Re: readahead

From: Andrew Morton <akpm@zip.com.au>
To: Andries.Brouwer@cwi.nl
Cc: linux-kernel@vger.kernel.org
Subject: Re: readahead
Date: Tue, 16 Apr 2002 12:23:45 -0700	[thread overview]
Message-ID: <3CBC7A41.384FD032@zip.com.au> (raw)
In-Reply-To: <UTC200204161910.g3GJAx009370.aeb@smtp.cwi.nl>

Andries.Brouwer@cwi.nl wrote:
> 
> ...
>     Do these cards not have a request queue?
> 
> The kernel views them as SCSI disks.
> So yes, I can do
> 
>    blockdev --setra 0 /dev/sdc
> 
> Unfortunately that does not help in the least.
> Indeed, the only user of the readahead info is
> readahead.c: get_max_readahead() and it does
> 
>         blk_ra_kbytes = blk_get_readahead(inode->i_dev) / 2;
>         if (blk_ra_kbytes < VM_MIN_READAHEAD)
>                 blk_ra_kbytes = VM_MAX_READAHEAD;
> 
> We need to distinguish between undefined, and explicily zero.

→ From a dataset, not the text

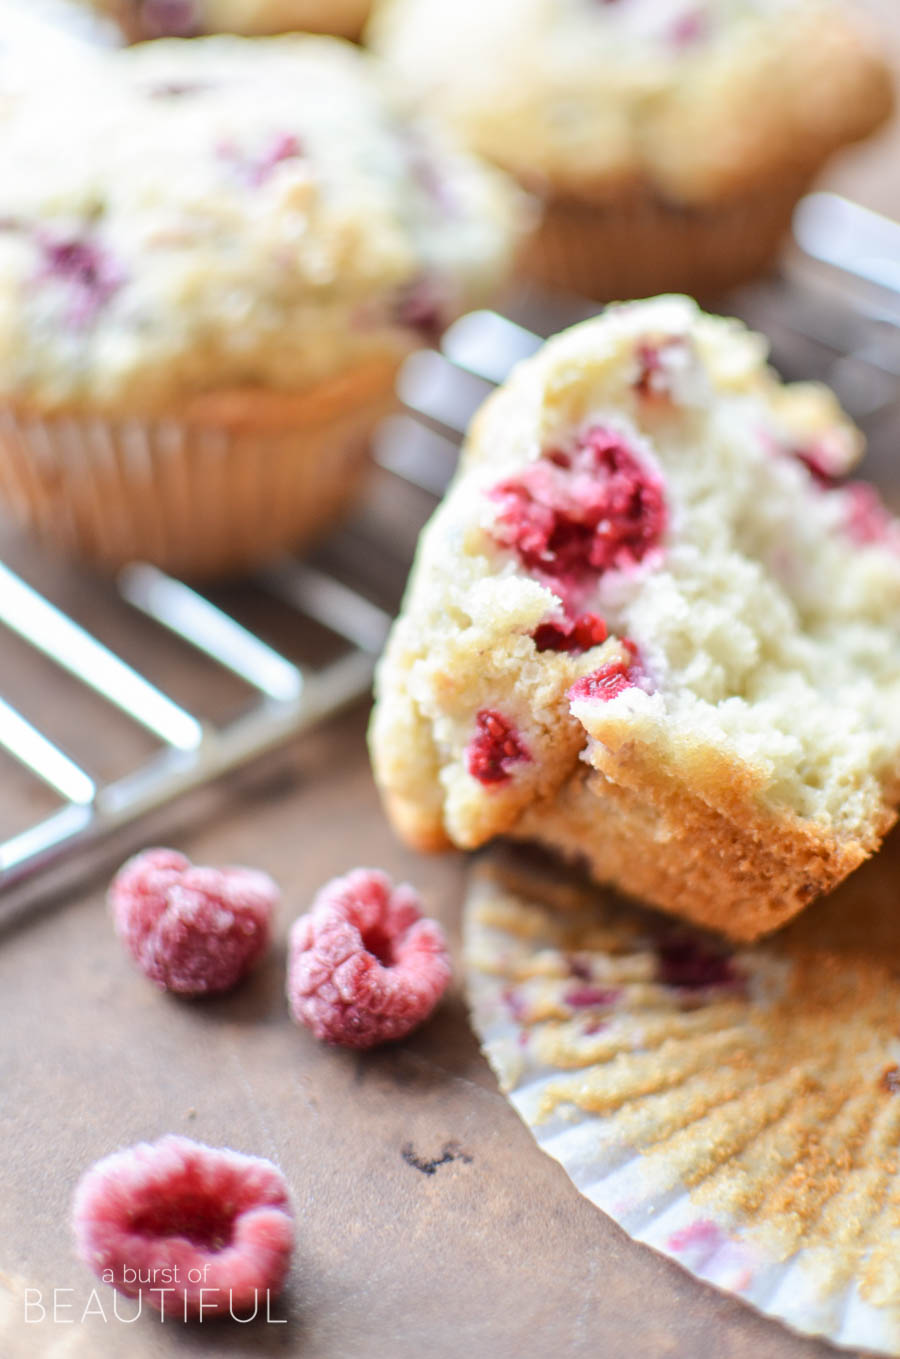 Raspberry-Muffins-A-Burst-of-Beautiful-5

Yup.  The below (untested) patch should fix it up.  Assuming
that all drivers use blk_init_queue(), and heaven knows if
that's the case.  If not, the readahead window will have to be
set from userspace for those devices.

> ...
> 
>     Yes, but things should be OK as-is.  If the readahead attempt
>     gets an I/O error, do_generic_file_read will notice the non-uptodate
>     page and will issue a single-page read.  So everything up to
>     a page's distance from the bad block should be recoverable.
>     That's the theory; can't say that I've tested it.
> 
> It is really important to be able to tell the kernel to read and
> write only the blocks it has been asked to read and write and
> not to touch anything else.

That is really hard when there is a filesystem mounted.
Even with readahead set to zero, the kernel will go and
read PAGE_CACHE_SIZE chunks.  That's not worth changing 
to address this problem.  In the last resort, the
user would need to perform a sector-by-sector read of
the dud device into a regular file, recover from that.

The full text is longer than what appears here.